La finta semplice | |
---|---|
Opera buffa by W. A. Mozart | |
Librettist | Marco Coltellini |
Language | Italian |
Based on | La finta semplice by Carlo Goldoni |
Premiere | 1769 |
Leopold chose an Italian libretto by the Vienna court poet Marco Coltellini, which was based on an early work by Carlo Goldoni. During rehearsals, the opera was the victim of intrigues from competing composers claiming that the work was not from the 12-year-old boy, but from his father. Threatened with a sabotaged first night by the impresario Giuseppe Affligio, Leopold prudently decided to withdraw. The opera was never staged in Vienna. It was probably performed the following year in Salzburg at the request of the Prince-Archbishop.
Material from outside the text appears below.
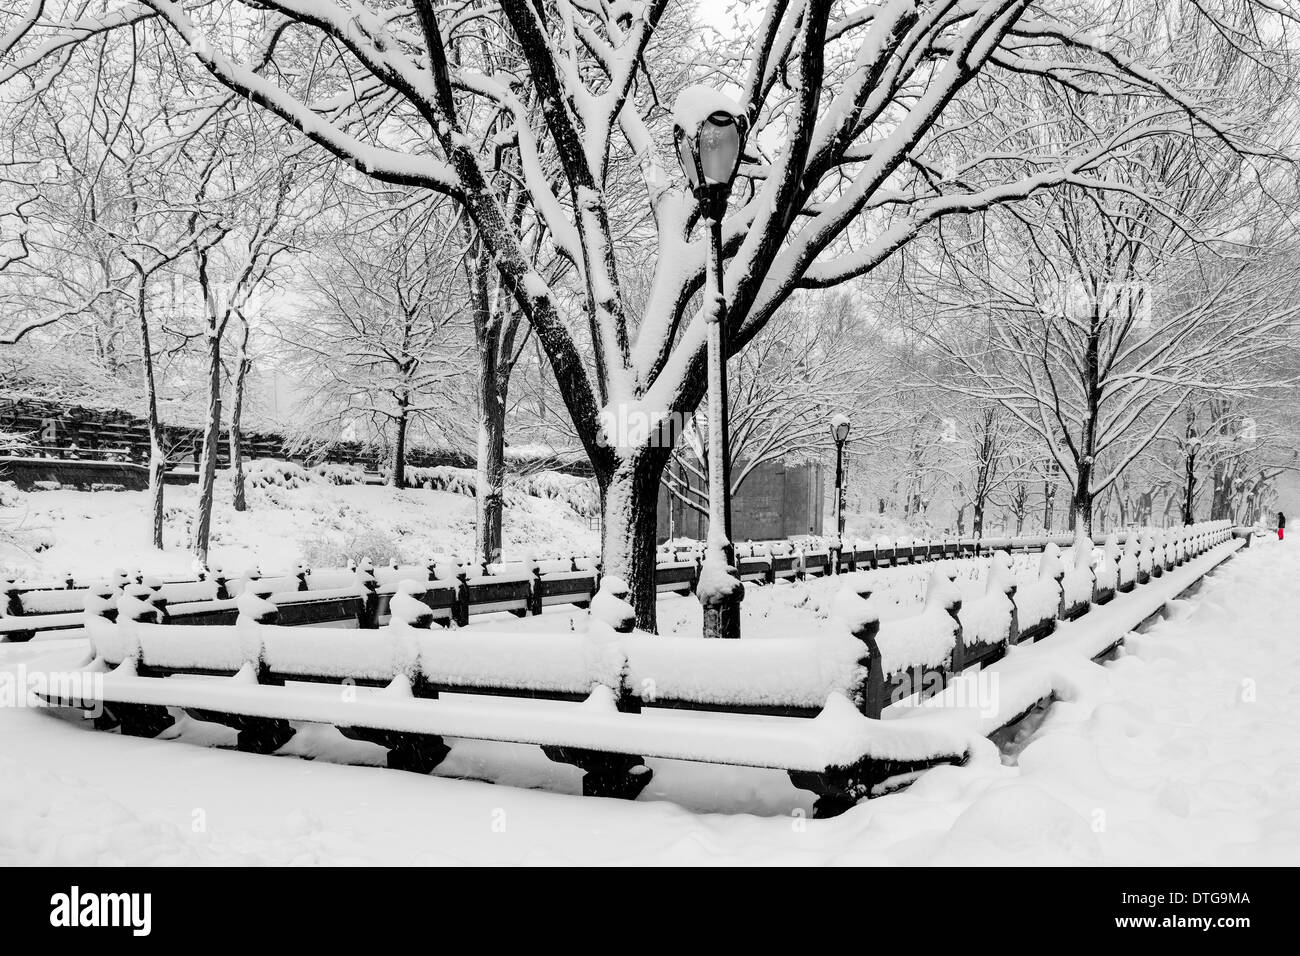 Central Park Mall wird ein Winter-Wunderland während eines Schneesturms in New York City. Stockfoto

Mozart produced a full score of three acts, 26 numbers, in a manuscript of 558 pages. It includes an overture/Sinfonia, one coro, one duet, three ensembles (at the end of each act), and 21 arias.
The opera was recorded in its entirety by Leopold Hager for Orfeo in January 1983 with Helen Donath and Teresa Berganza, a performance lasting two hours 45 minutes. Another recording was made in November 1989, with Barbara Hendricks and Ann Murray, and conducted by Peter Schreier. This version was selected by Philips to be part of The Complete Mozart Edition of all the works of Mozart, published in 1991.
However, since its premiere in 1769, the opera was not staged until modern times. It was given in March 1985 at the Bloomsbury Theatre as part of the Camden Festival conducted by Nicholas Cleobury, directed by Robert Carsen, with Patricia Rozario, Glenn Winslade and Janis Kelly among the cast.[1] It was performed at the 2006 Salzburg Festival, as part of the production of all of 22 Mozart's operas. The performances were published in the collection of DVDs known as M-22 by Deutsche Grammophon.
The opera was something of a temporary career setback for Mozart, amid a childhood otherwise characterized by universal success and stardom. The instigation of the work was a suggestion made by Emperor Joseph II to Mozart's father Leopold during a visit made to the Imperial capital of Vienna by the Mozart family (10 January 1768 to the end of December 1768). Leopold wanted to promote the exceptional talent of young Mozart with the hope of establishing him as an opera composer.
The Emperor suggested to Leopold that Wolfgang write an opera for performance in Vienna to show his remarkable skills to the Viennese public as he had already done all over Europe.
Leopold needed a good libretto, and he had the choice between seria and buffa. He noted that the seria singers available in Milan were mediocre, while the buffa singers were excellent. "There are no singers here for serious opera. Even Gluck's tragic opera Alceste was performed entirely by opera buffa singers. He too is now writing an opera buffa " (30 January 1768). Leopold thus chose a buffa libretto, and for so doing, he simply went to the established librettist in Vienna, who happened to be the Florentine Marco Coltellini, an Italian "poet" who was to replace Metastasio as "poeta cesareo" at the Imperial court of the Habsburgs in 1769.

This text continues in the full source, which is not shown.